CNN - Women and smoking - Nov. 15, 1995
CNN Food and Health

Female smoker

Quitting may be harder for them

November 15, 1995
Web posted at: 4:00 p.m. EST

From Correspondent Janine Sharell

NEW YORK (CNN) -- Thursday marks the 19th annual Great American Smoke Out. The American Cancer Society estimates that about 9 million smokers will stop or cut down for at least a day. Anyone who's tried kicking the habit knows it isn't easy. And the numbers indicate it might be harder for women than men.

While smoking has declined dramatically among both men and women during the past 30 years, it's dropping at a slower rate among women.

Susan & Tony Reilly

Susan Camardo and Tony Reilly knew it wouldn't be easy when they signed up for a stop-smoking program with a Cancer Society support group. "We got married six weeks ago and this was supposed to be a wedding present beforehand, but we put it off because we figured it would be a pretty stupid thing to do in the middle of a wedding," Reilly said.

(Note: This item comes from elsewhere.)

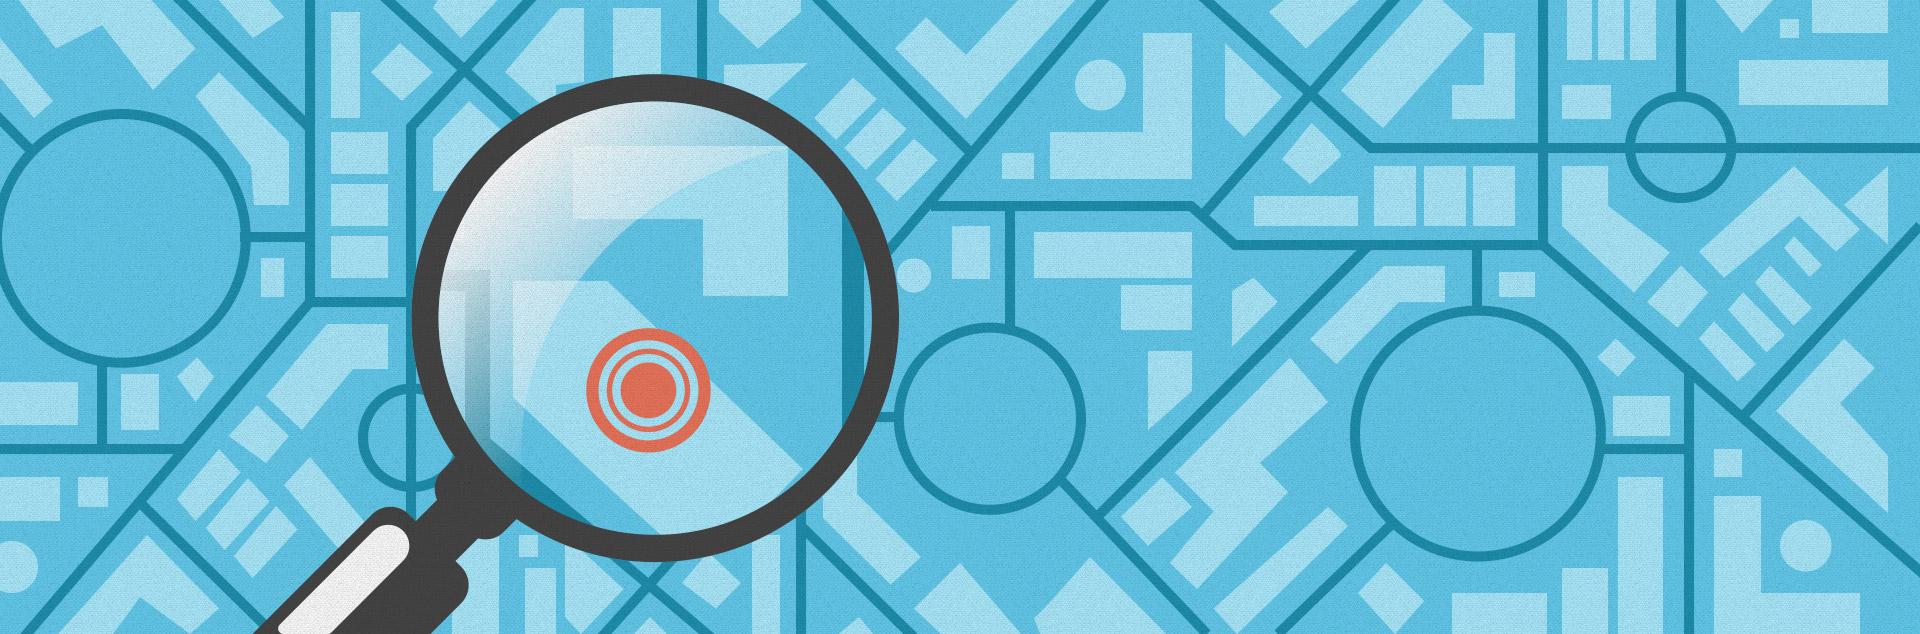 micro-location-targeting
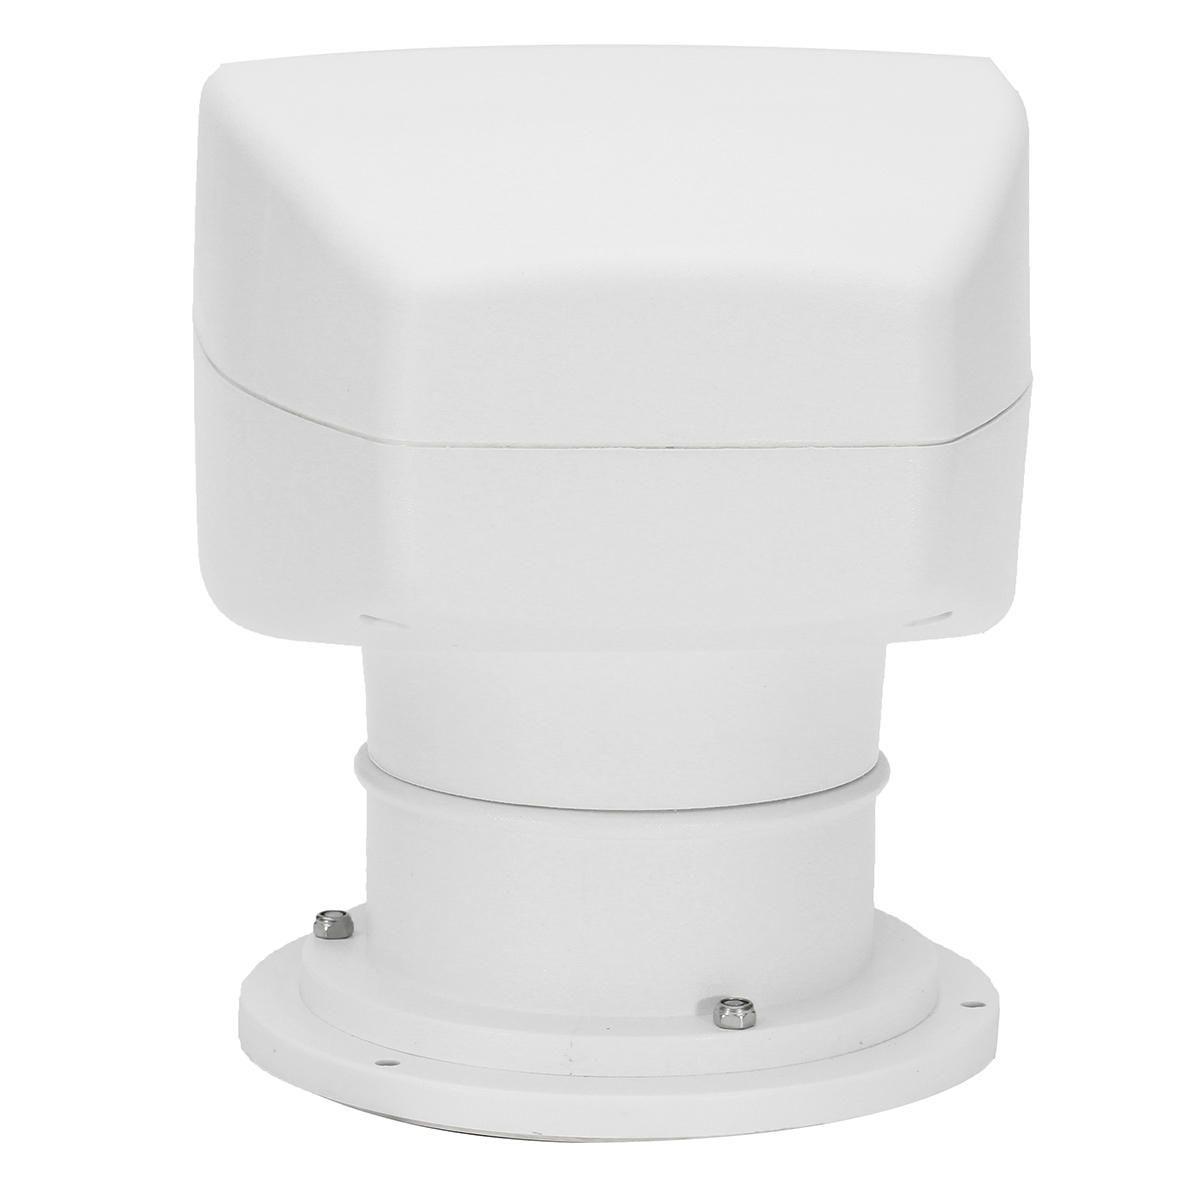 SLG US$90.63 7Inch 100W Remote Control LED Searchlight Marine Spotlight Search Light 12V for Boat Truck SUV Car

But even though they're going through the process together, what they're experiencing feels quite different. Camardo says that for her it's more of an "emotional stimulus." (184K AIFF sound or 184K WAV sound)

Another female smoker

Smoking cessation expert Dr. Edwin Fisher of Washington University's Medical School cites the stress factor is the reason women find it harder to quit. "The stress of running a household, the stress of bumping up against the glass ceiling, the stress of being a secretary with four bosses, the stress of worrying about gaining five pounds, all these things have really hit on women more than men and make the mood-elevating effects of nicotine especially attractive for women," Fisher said.

Poster ad

Another strike against women is the long association smoking has with keeping weight down. As far back as the 1920s, smoking advertising touted cigarettes as a diet tool. Just this month, a study in the New England Journal of Medicine compared the weight gains for women and men 10 years after quitting. The average weight gain for women who kick the habit is 11 pounds, slightly higher than the 10-pound gain most men experience.

Annie Beigal

But people who run programs like the Cancer Society's say the numbers shouldn't scare women off. Annie Beigal with the American Cancer Society says she's seen smokers successfully keep their weight down after quitting. (120K AIFF sound or 120K WAV sound) And almost everyone agrees that, at least initially, women respond better to programs that require something they're generally good at.

While the process of kicking the smoking habit may differ slightly from men to women, the consequences of not doing it are the same: Lung cancer has now surpassed breast cancer as the number one cancer killer among women, just as it is for men.